(Source data)
>>>

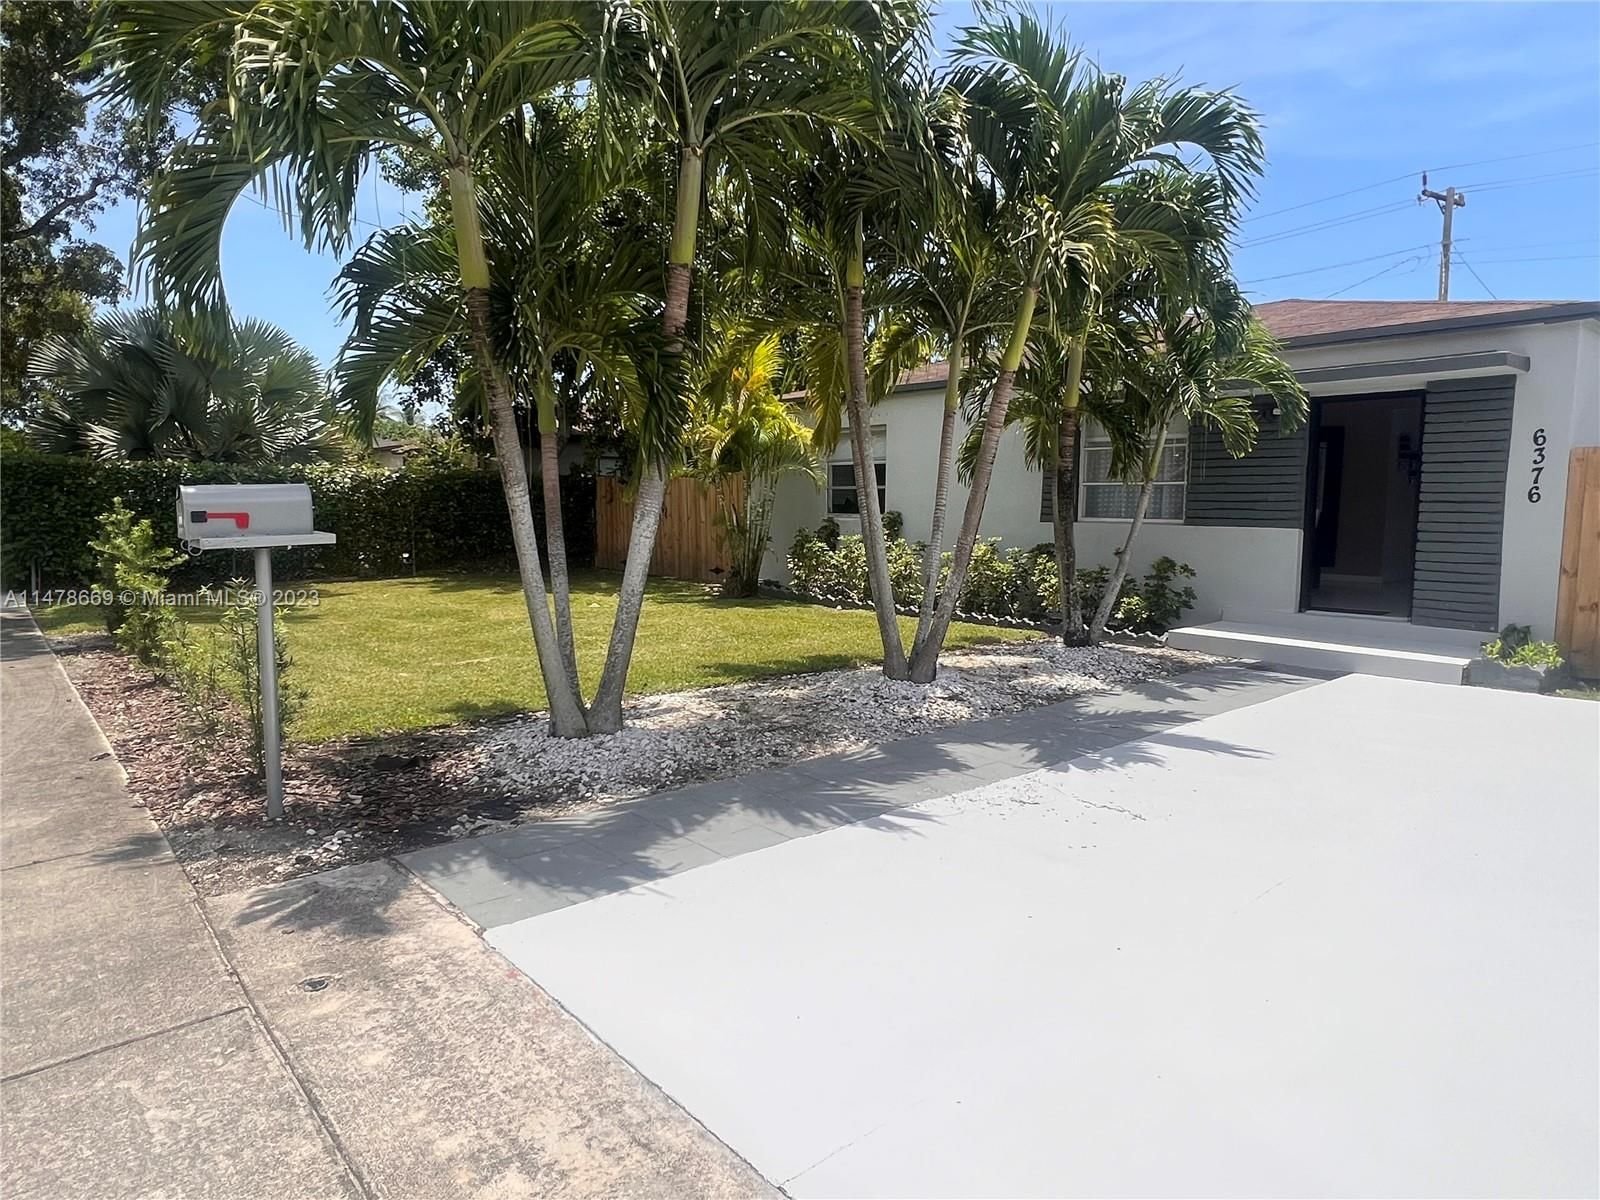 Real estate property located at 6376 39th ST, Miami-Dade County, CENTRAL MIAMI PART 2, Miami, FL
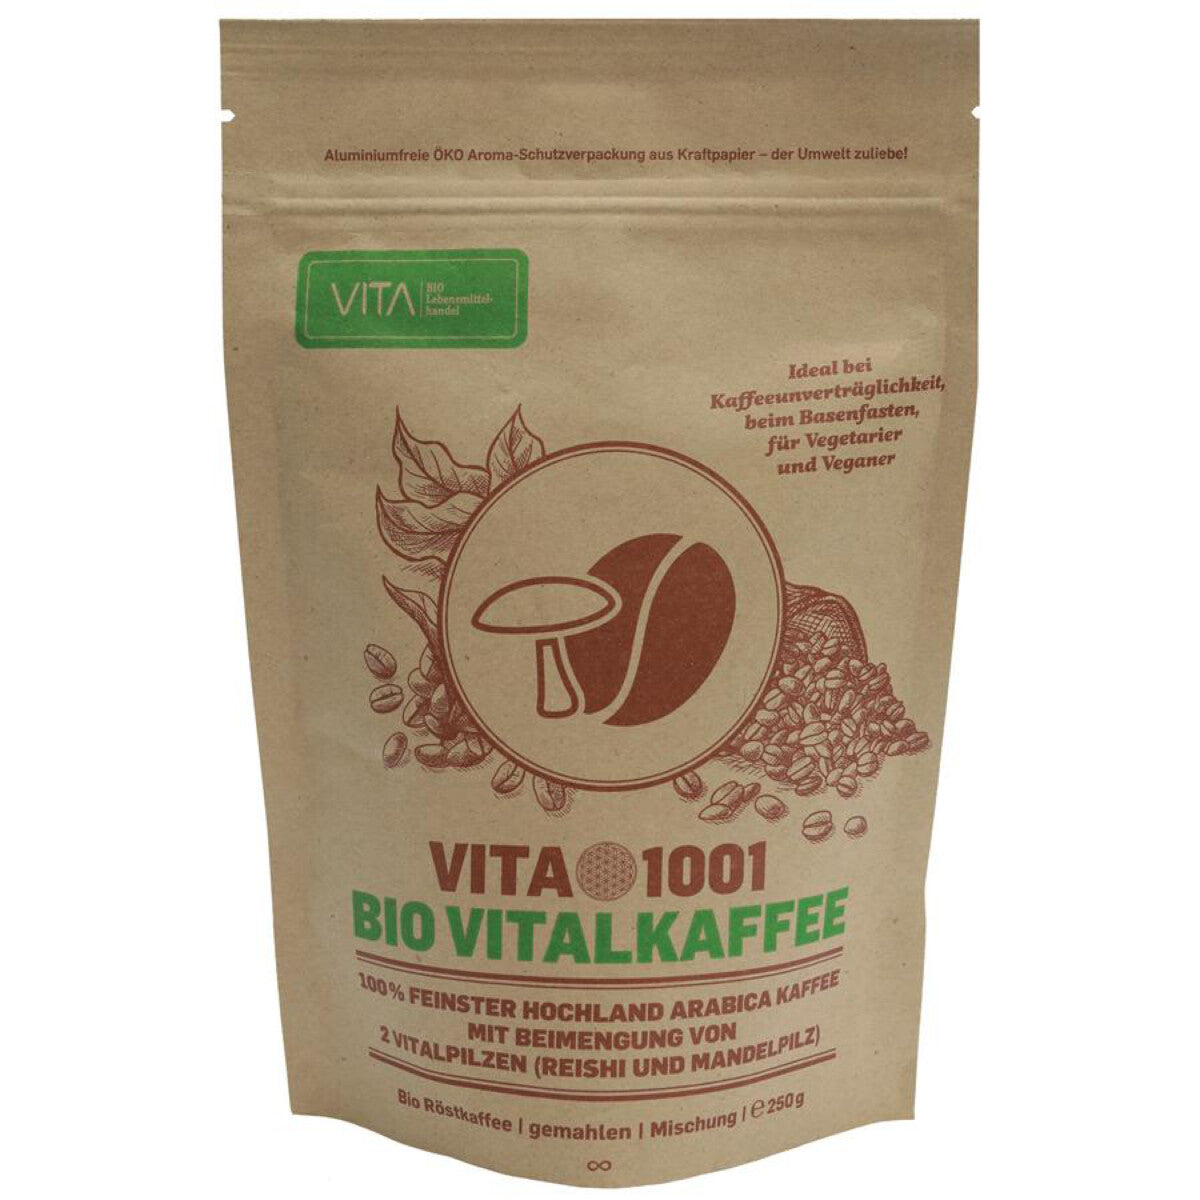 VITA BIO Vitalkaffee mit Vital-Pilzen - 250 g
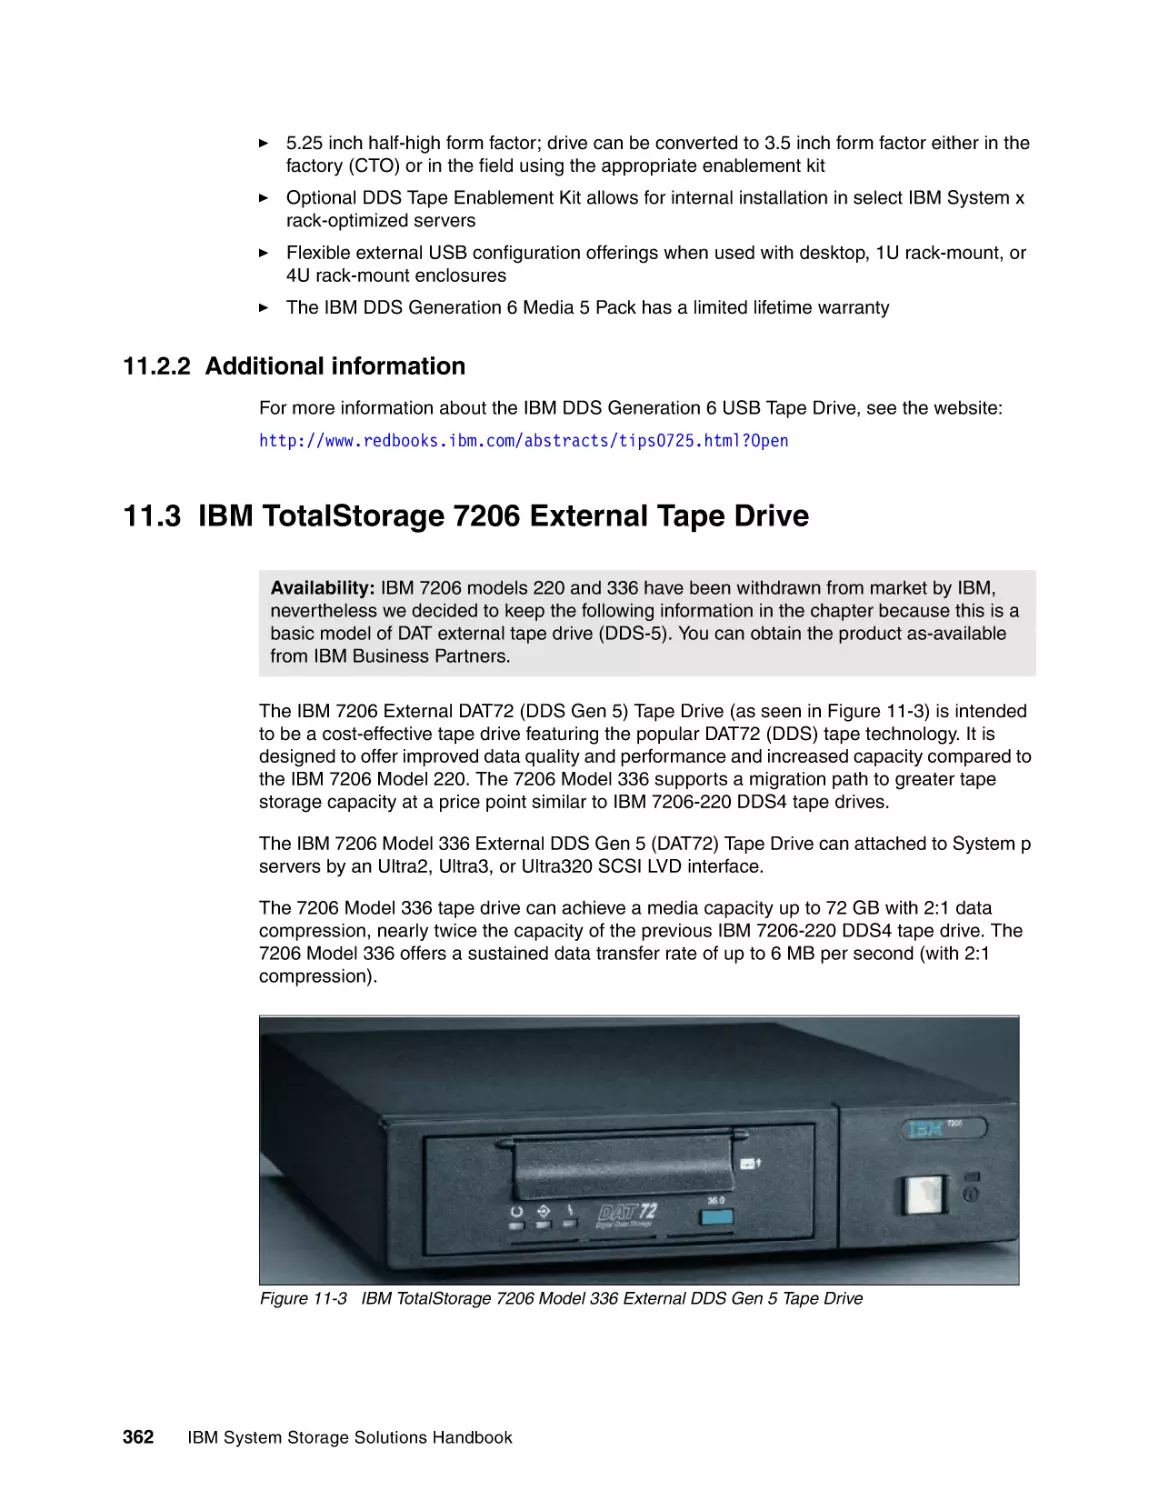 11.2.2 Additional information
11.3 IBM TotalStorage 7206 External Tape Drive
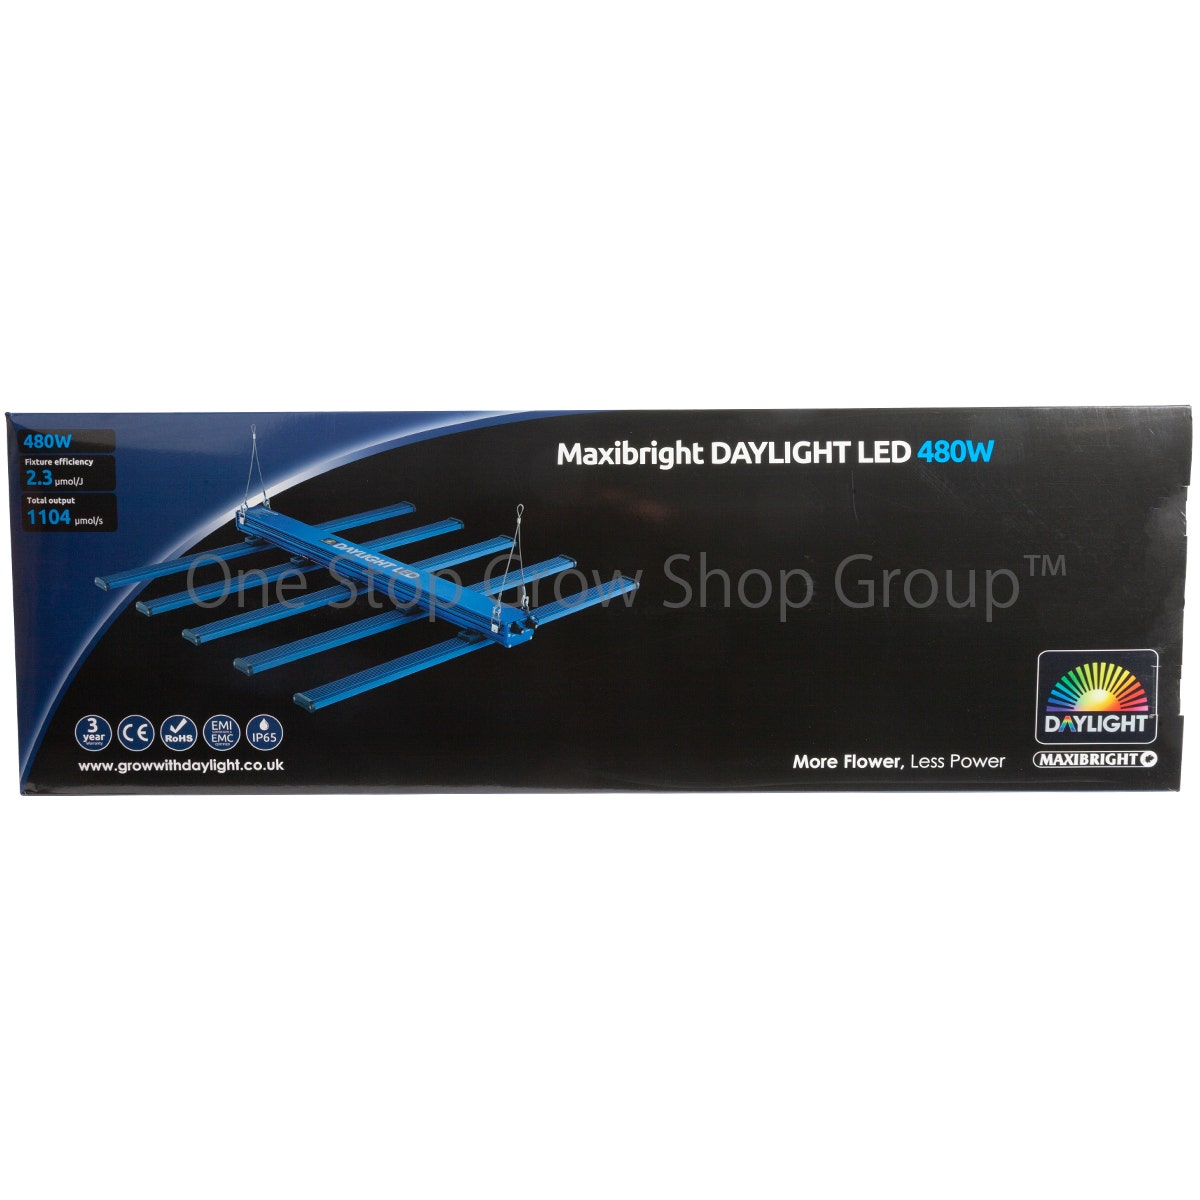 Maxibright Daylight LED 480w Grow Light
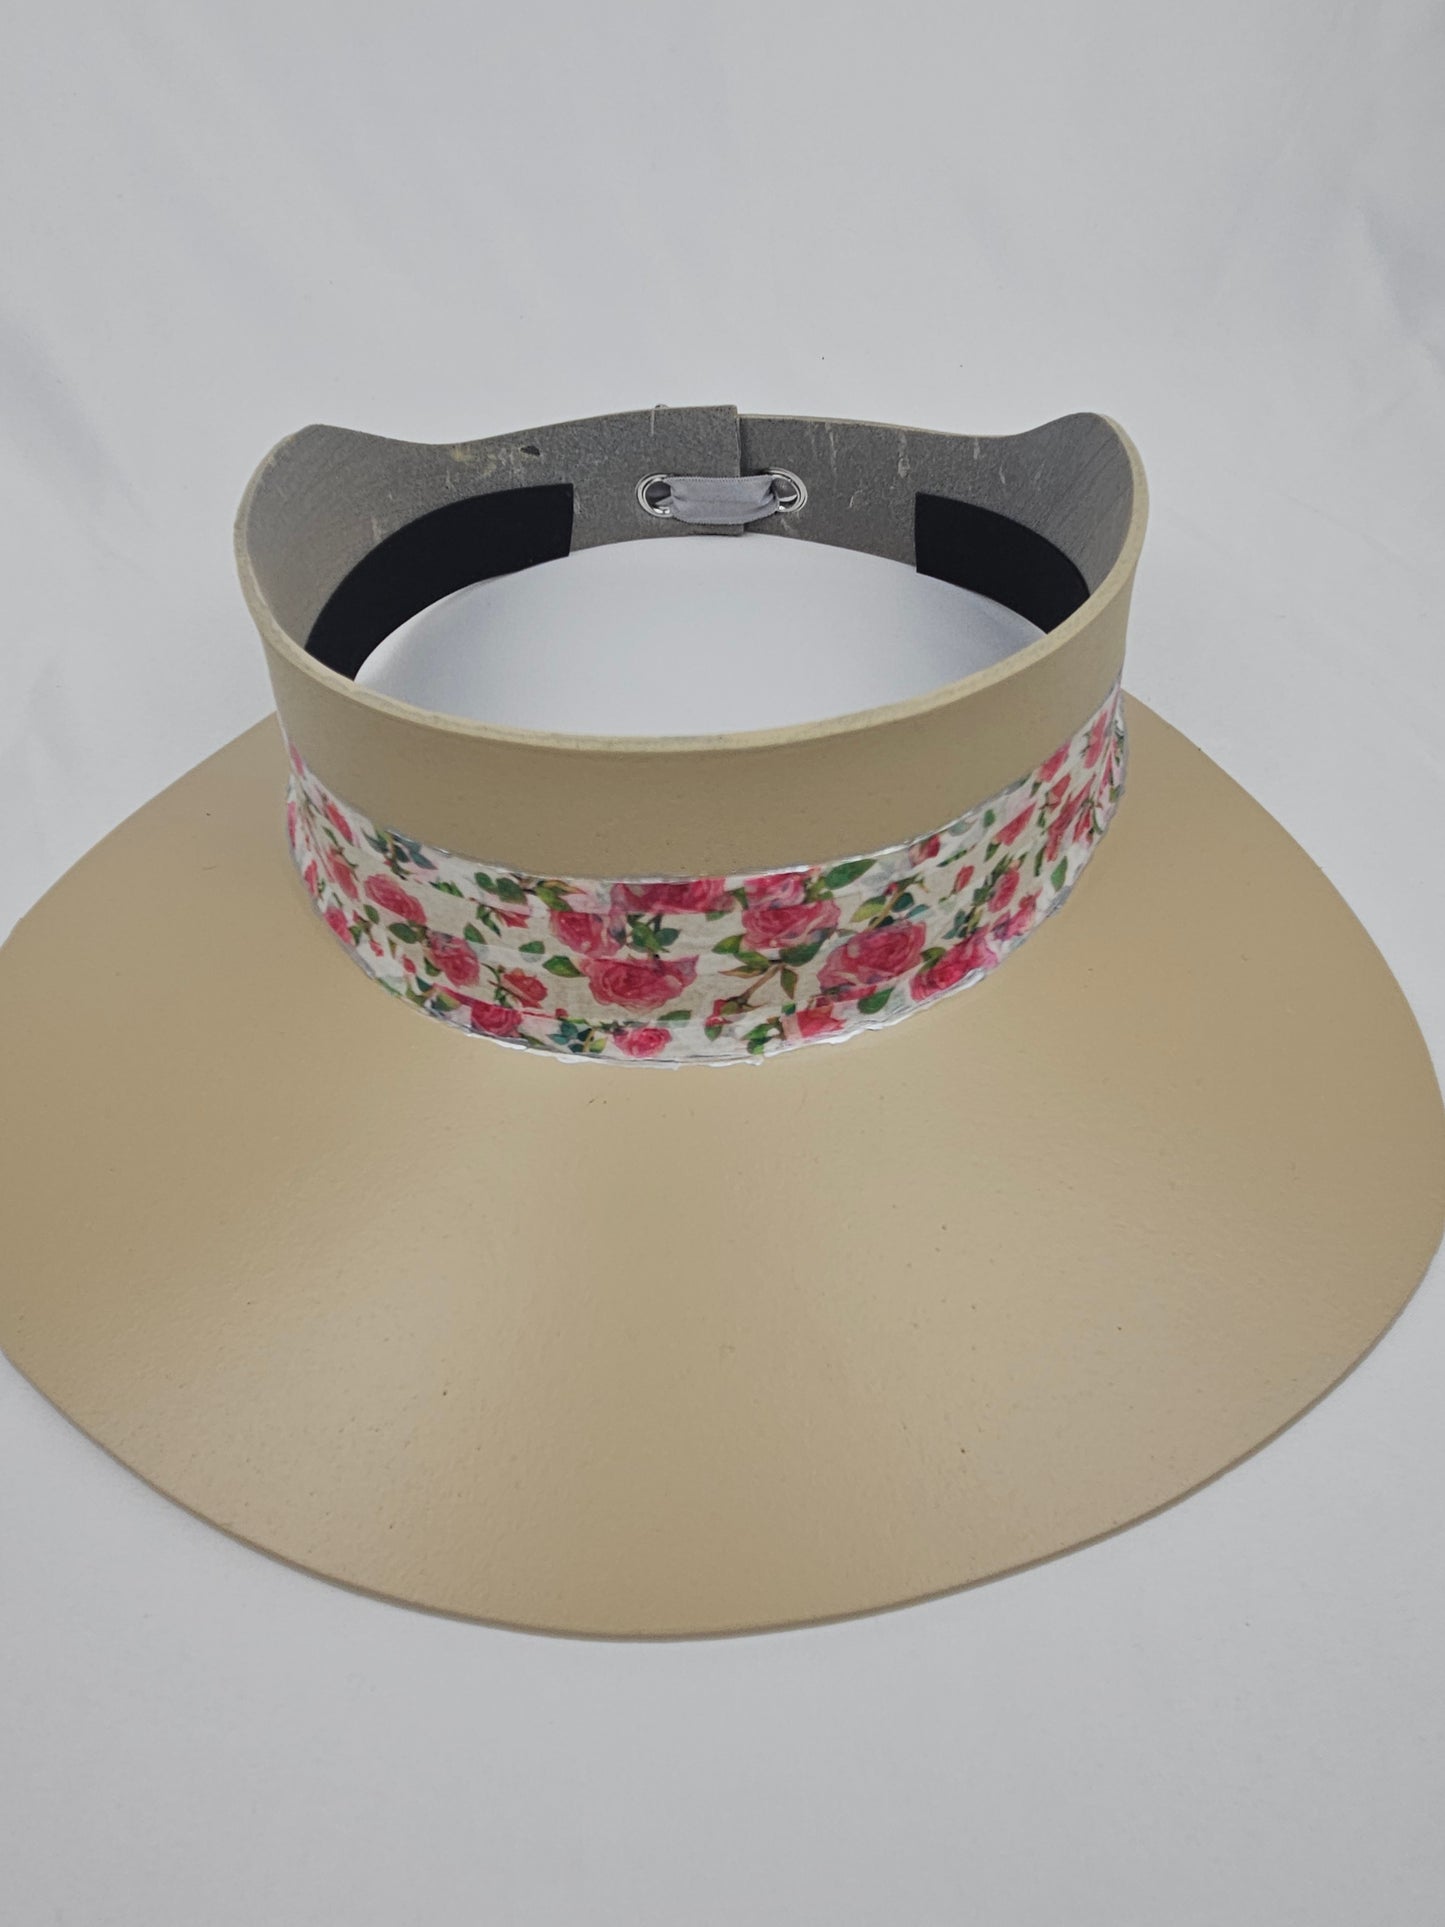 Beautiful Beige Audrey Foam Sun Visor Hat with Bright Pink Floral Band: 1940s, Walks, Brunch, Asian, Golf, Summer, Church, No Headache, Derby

<<<

» **Work instructions**
Make an exact copy of all entries above, dropping the images.

» **The completed task**
 Real estate property located at 6376 39th ST, Miami-Dade County, CENTRAL MIAMI PART 2, Miami, FL
 VITA BIO Vitalkaffee mit Vital-Pilzen - 250 g
 11.2.2 Additional information
11.3 IBM TotalStorage 7206 External Tape Drive
 Maxibright Daylight LED 480w Grow Light
 Beautiful Beige Audrey Foam Sun Visor Hat with Bright Pink Floral Band: 1940s, Walks, Brunch, Asian, Golf, Summer, Church, No Headache, Derby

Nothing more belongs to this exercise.